A TOMMASO DEL GARBO FIORENTINO

 

Peregrinam ac iucundam

 

Qual sia più potente se l'Opinione o la Fortuna.

[Pavia, 9 novembre 1366]

 

 

 

Quanto bella e piacevole, tanto vasta e profonda materia di ragionare mi avresti tu messo innanzi, se da una parte mi avessi ingegno e tempo a svolgerla sufficiente, e tu dall'altra interrogandomi mi avessi lasciato alcun che da rispondere. Ma poiché di quello che mi chiedi hai già tu stesso con sommo artificio detto quasi tutto che dire se ne poteva, meglio che risponderti, a me si conviene ammirarti. Rinnovato hai con me l'esempio del Salvatore, che fattosi ad interrogare i dottori della legge, insegnò loro, se sordi non erano, quel che dovevano rispondere. E per vero dire le precise domande e le sottili questioni che dagli uomini dotti intorno a qualunque cosa si propongono, implicitamente sempre contengono una nascosta dottrina. Imperocché a dubitare mai non s'inducono se non per gravi cagioni, e queste esponendo a coloro che mai non ne avevano concepito dubbio veruno, porgono ai loro ingegni eccitamento ad un tempo ed istruzione. Or questo meglio che mai io vidi avverato per la domanda tua. Sottile veramente ed incerta è la questione, che, a pro mio, come dici, ma in realtà per comune vantaggio tu mi proponi, qual cioè tra le due sia più potente se la Opinione o la Fortuna da te riconosciute entrambe potentissime.

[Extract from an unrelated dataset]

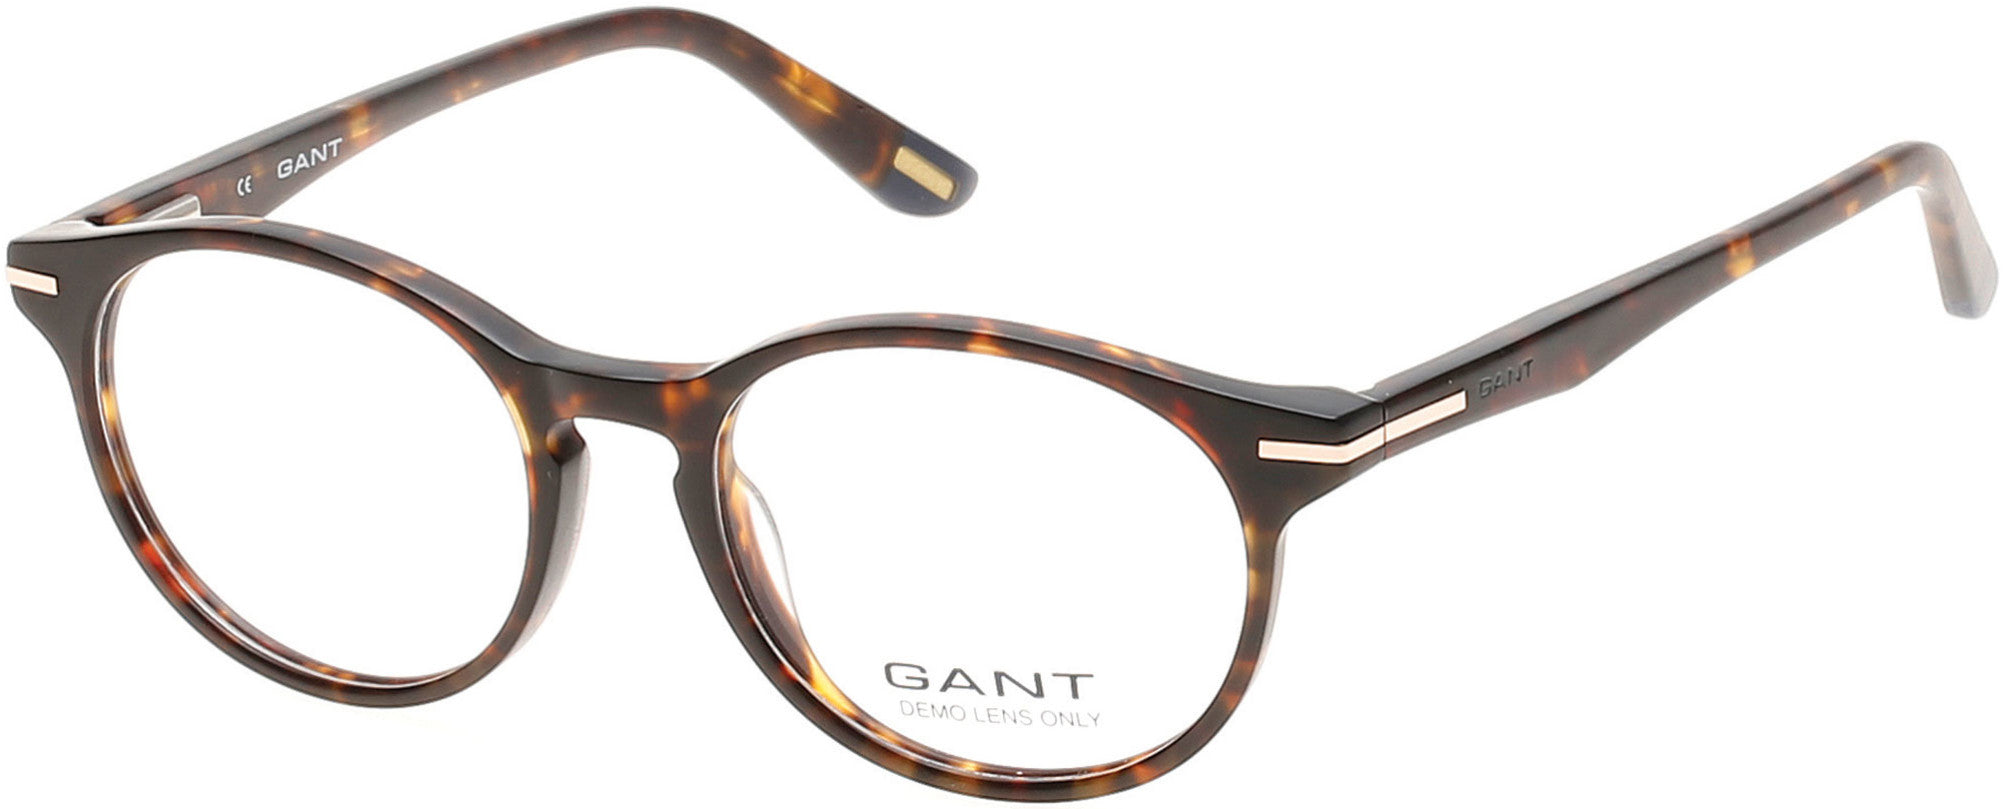 Gant GA3060 Round Eyeglasses 052-052 - Dark Havana
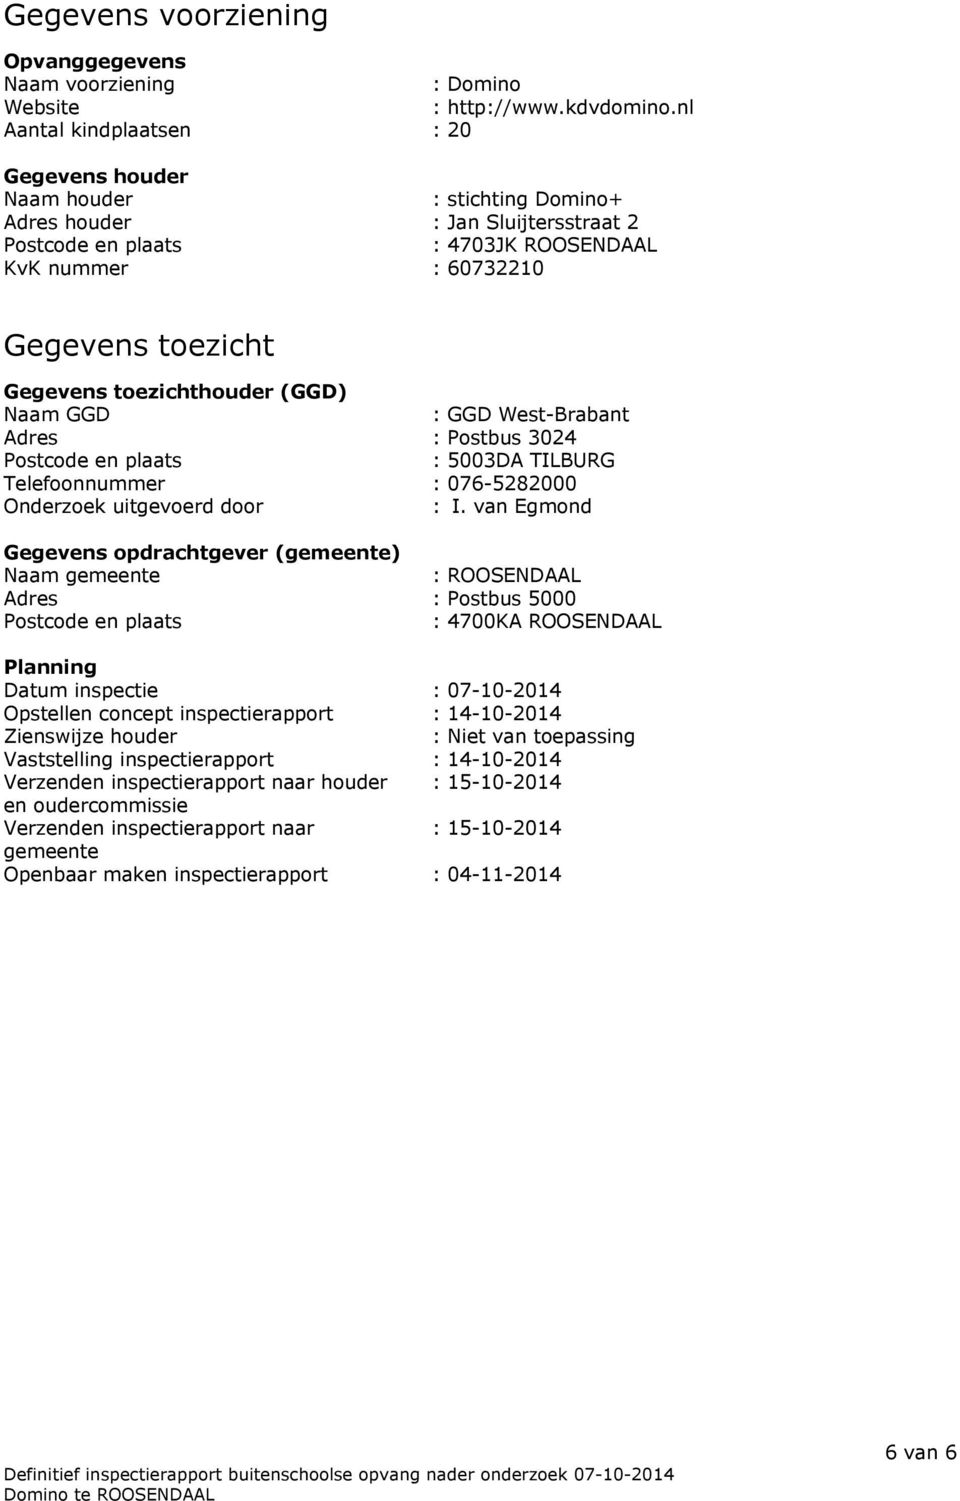 Gegevens toezichthouder (GGD) Naam GGD : GGD West-Brabant Adres : Postbus 3024 Postcode en plaats : 5003DA TILBURG Telefoonnummer : 076-5282000 Onderzoek uitgevoerd door : I.

E cominci dall'esporre dell'opinione gli effetti molteplici e meravigliosi, per cui si vede un animo debole violentemente fra diverse ed opposte sentenze agitato vacillare incostante, e dall'una passare nell'altra per guisa che spesse volte s'adagia alfine nell'errore. E il ciel volesse che avvenisse questo di rado, sì che vero non s'avesse a tenere il proverbio esser di tutte le cose donna e regina l'opinione. E perché mai, se non per questo che tu dici (aggiungo or io), mentre l'uno fra le ricchezze si crede povero, un altro si stima nella mancanza di tutte le cose ricchissimo? A quello l'opinione mostra esser poco quel che possiede, e molto quello di cui abbisogna, a questo fa parere abbondanza l'inopia, e mette in cuore il disprezzo delle ricchezze, per guisa che contento dei beni dell'animo, riguarda come incomodo imbarazzo ogni bene della fortuna. E per la stessa ragione mesti e piangenti vediamo talora alcuni che godono fior di salute, e ridere e stare in tripudio altri che inferme hanno le membra e farnetico il cervello.

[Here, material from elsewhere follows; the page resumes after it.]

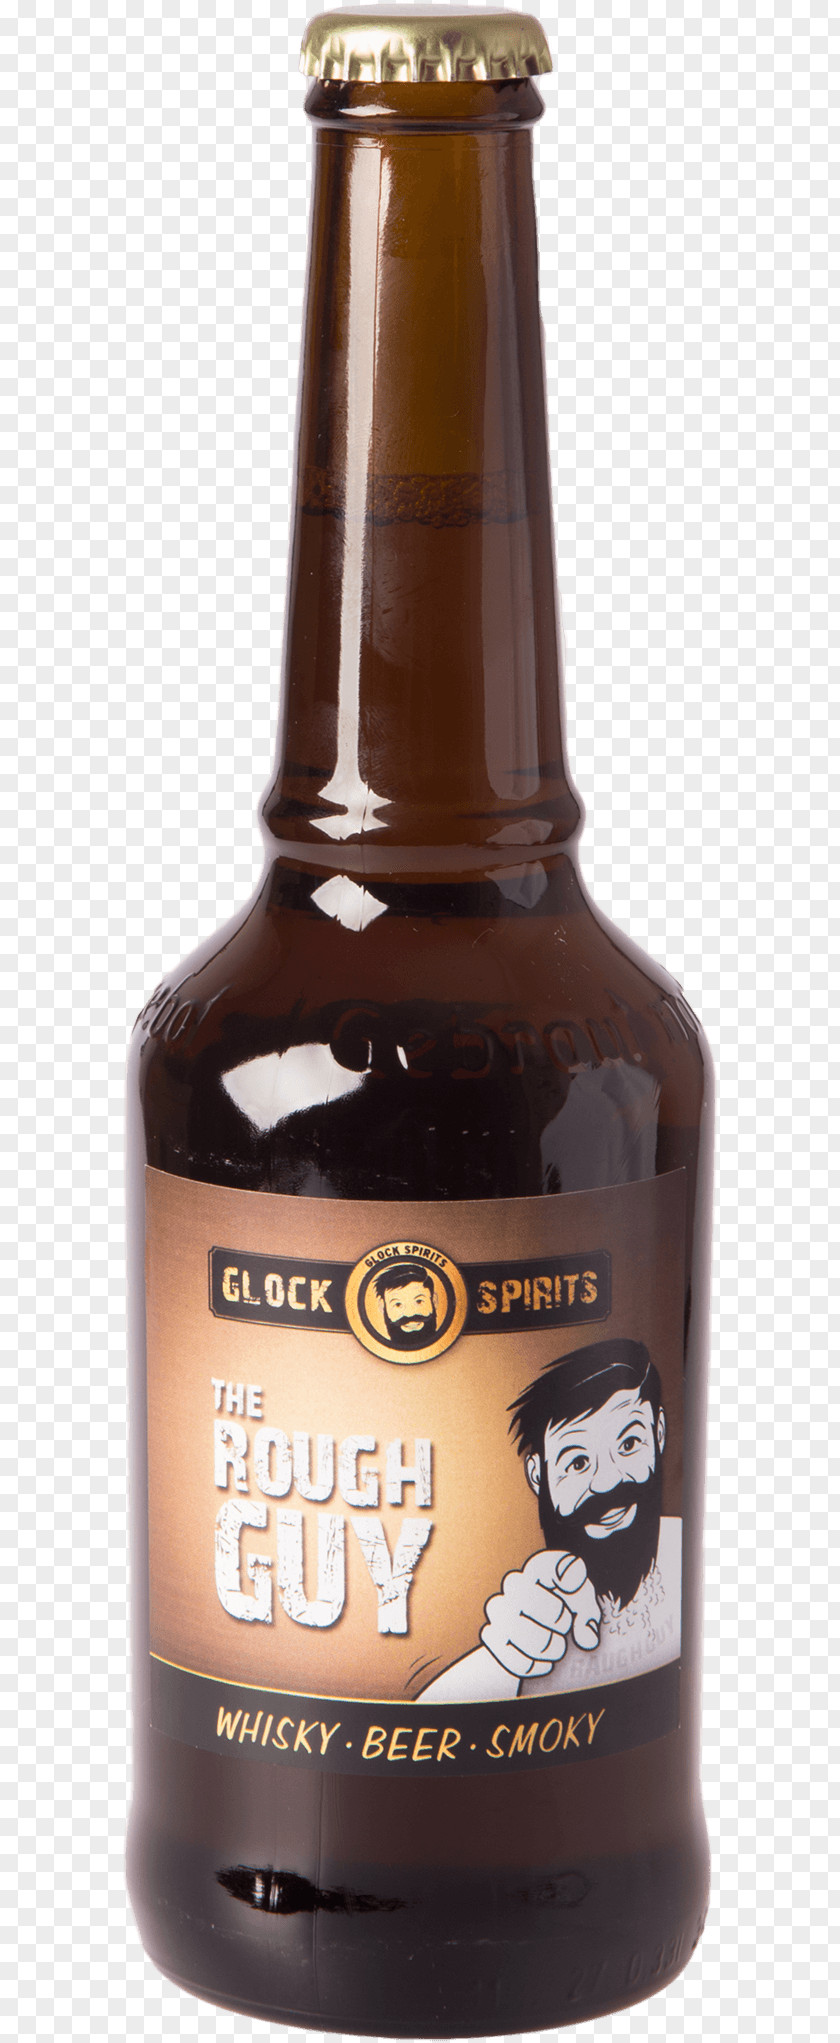 Beer Bottle Distilled Beverage Bell's Brewery Ale PNG

E se di tanto è capace la falsa opinione, di che non sarà capace la vera? Guarda come franco e sicuro passeggia colui sopra una fragile ed angusta trave che di poco si solleva sopra la terra, e vedilo tremar di paura sulla cima di solidissima ed alta torre. Uguali in ambo i casi sono la forza e l'agilità delle sue membra, uguale la portata della sua vista, più fermo più solido il secondo che non il primo sostegno de' piedi suoi: solo più debole è in lui l'opinione, anzi a dir meglio, solo questa è più forte, poiché riesce ad abbattere il suo naturale coraggio per modo che tremi sopra saldo terreno, mentre reggesi impavido sopra instabile fondamento. Ti sovverrà di aver letto come quel Cassio, il quale unitamente ad altri con mano audace (cui non oso chiamare scellerata per non definire con una parola la dubbiosa natura di quell'azione) trafisse Giulio Cesare, quando nei campi della Tessaglia le furie civili nuovamente infiammarono i petti romani, agitato da paurosi affetti credé vedersi venire incontro a spron battuto e tutto in armi Cesare stesso, e tanta fu in lui la possanza dell'opinione, che cui vivo e imperante non temé ferir di coltello, a lui sepolto ed esanime con grida di spavento e di orrore vilmente fuggendo volse le spalle. Nulla si può dire di certo del ratto di Paolo, perché dice di non sapere egli stesso se fosse uscito del corpo, o in quello rimase. Ma delle stimate di Francesco questa certamente è l'origine; tanto assiduo e profondo essere stato il suo meditare sulla morte di Cristo, che piena avendone l'anima, e parendogli d'essere anch'egli crocifisso col suo Signore, poté la forza di quel pensiero passar dall'anima nel corpo, e lasciarvene impresse visibilmente le tracce.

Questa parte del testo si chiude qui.